After 40 years, and 42 productions, Motley, the theatre group co-founded by Naseeruddin Shah and Benjamin Gilani, is still hungry for more
Long before a retail chain coined the catchphrase ‘A lot can happen over coffee’, Naseeruddin Shah and Benjamin Gilani, who were in Lucknow for the shooting of Shyam Benegal’s Junoon (1978), had stepped out of their “fancy hotel” for a cup of coffee. As they wound up at the Indian Coffee House at Hazratganj, the conversation veered towards theatre and Shah, who had done a few plays with thespian Satyadev Dubey, asked Gilani how come he hadn’t worked in any despite being in Bombay for four years. “Humko milke kuch karna chaahiye [we should do something together],” Shah proffered, and Gilani’s mind flashed back to an extract of Samuel Beckett’s Waiting For Godot, which he had seen when he was a student at St Stephen’s College in Delhi.
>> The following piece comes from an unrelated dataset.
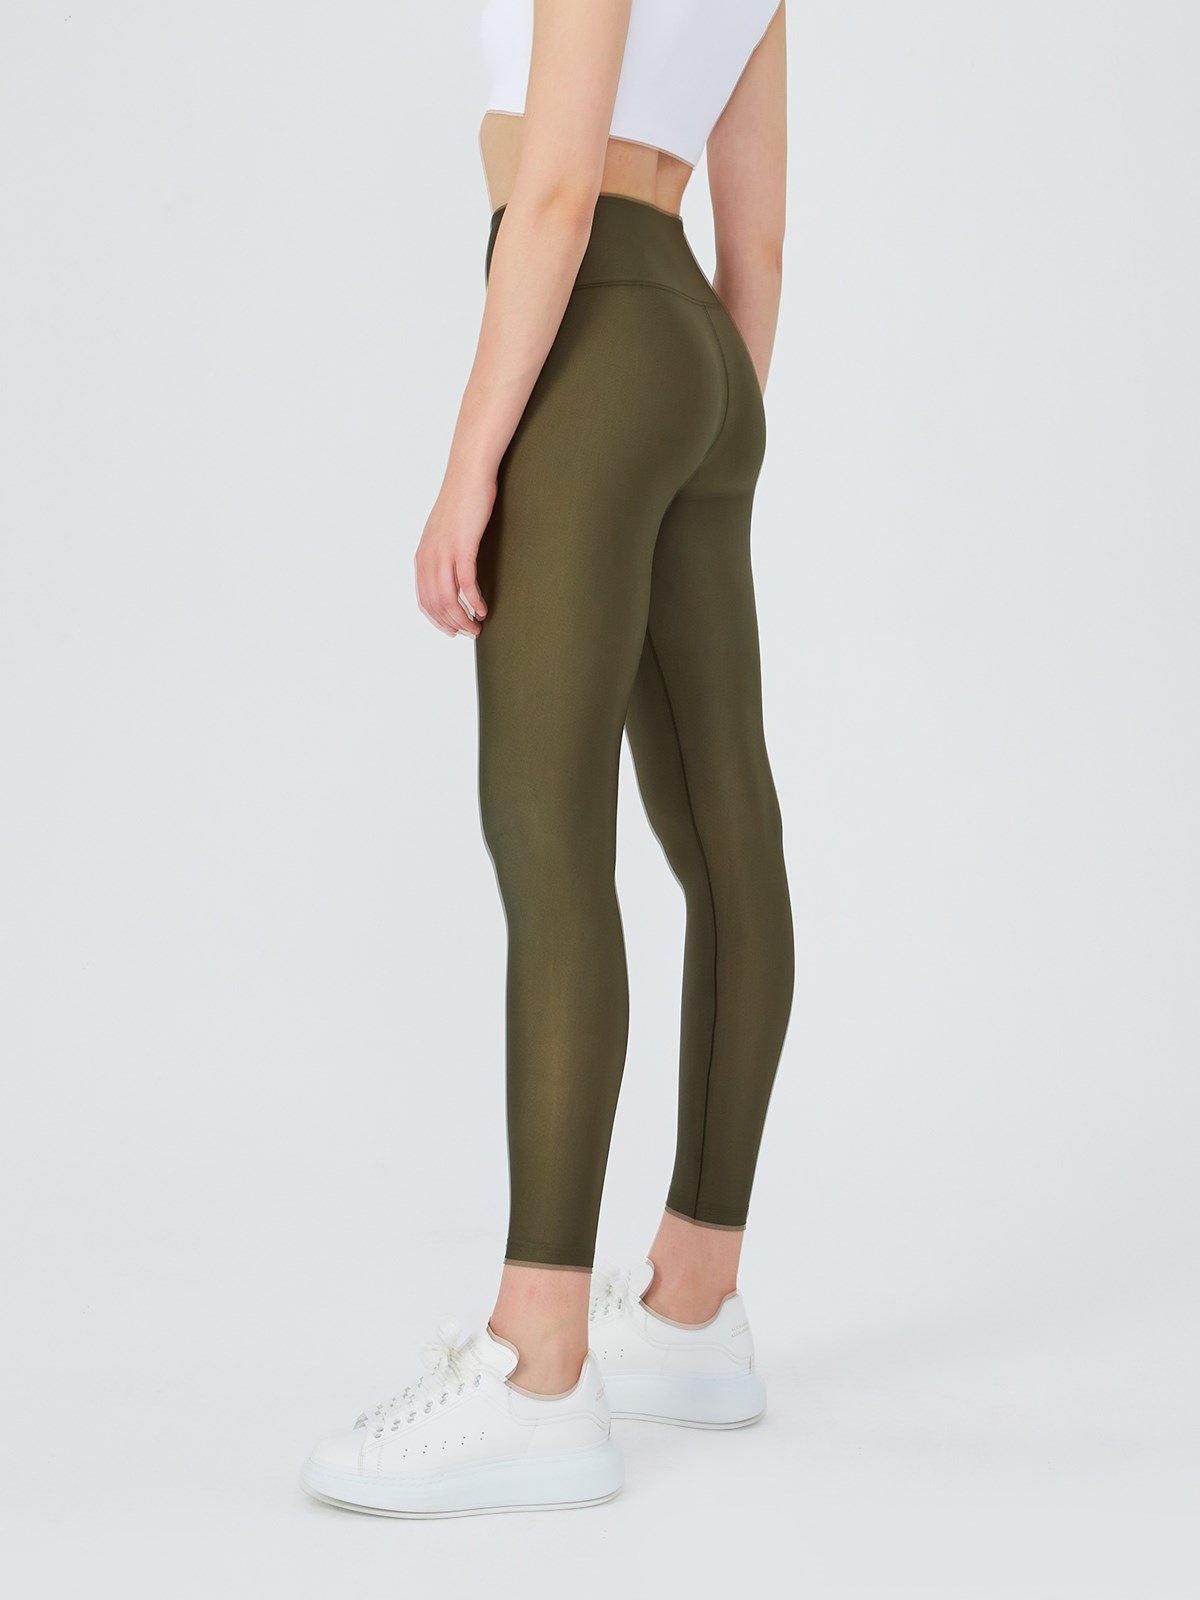 Olive Green Ankle Fit Leggings for Women – Fitflex

Godot wasn’t a favourite of Shah’s and he had dissed it in an essay while at Delhi’s National School of Drama (NSD). However, Gilani’s insistence and the promise of a production with minimal resources convinced him of the idea. Shah would be glad that it did, for their two-man endeavour, christened Motley, has now turned into a colossus in the theatre landscape, celebrating its 40th anniversary in July with Motleyana, a festival from July 16 that features one revival and four running plays of their 42 productions.
Shah and Gilani have greyed in appearance, but vignettes of their youth resonate in the friendly barbs they trade while chatting in Shah’s drawing room in the company of actors Ratna Pathak Shah and Akash Khurana, among members of Motley’s first core team. “In six well-chosen words,” Shah asks Gilani, this time over a cup of tea, “tell us why you decided to do Godot.”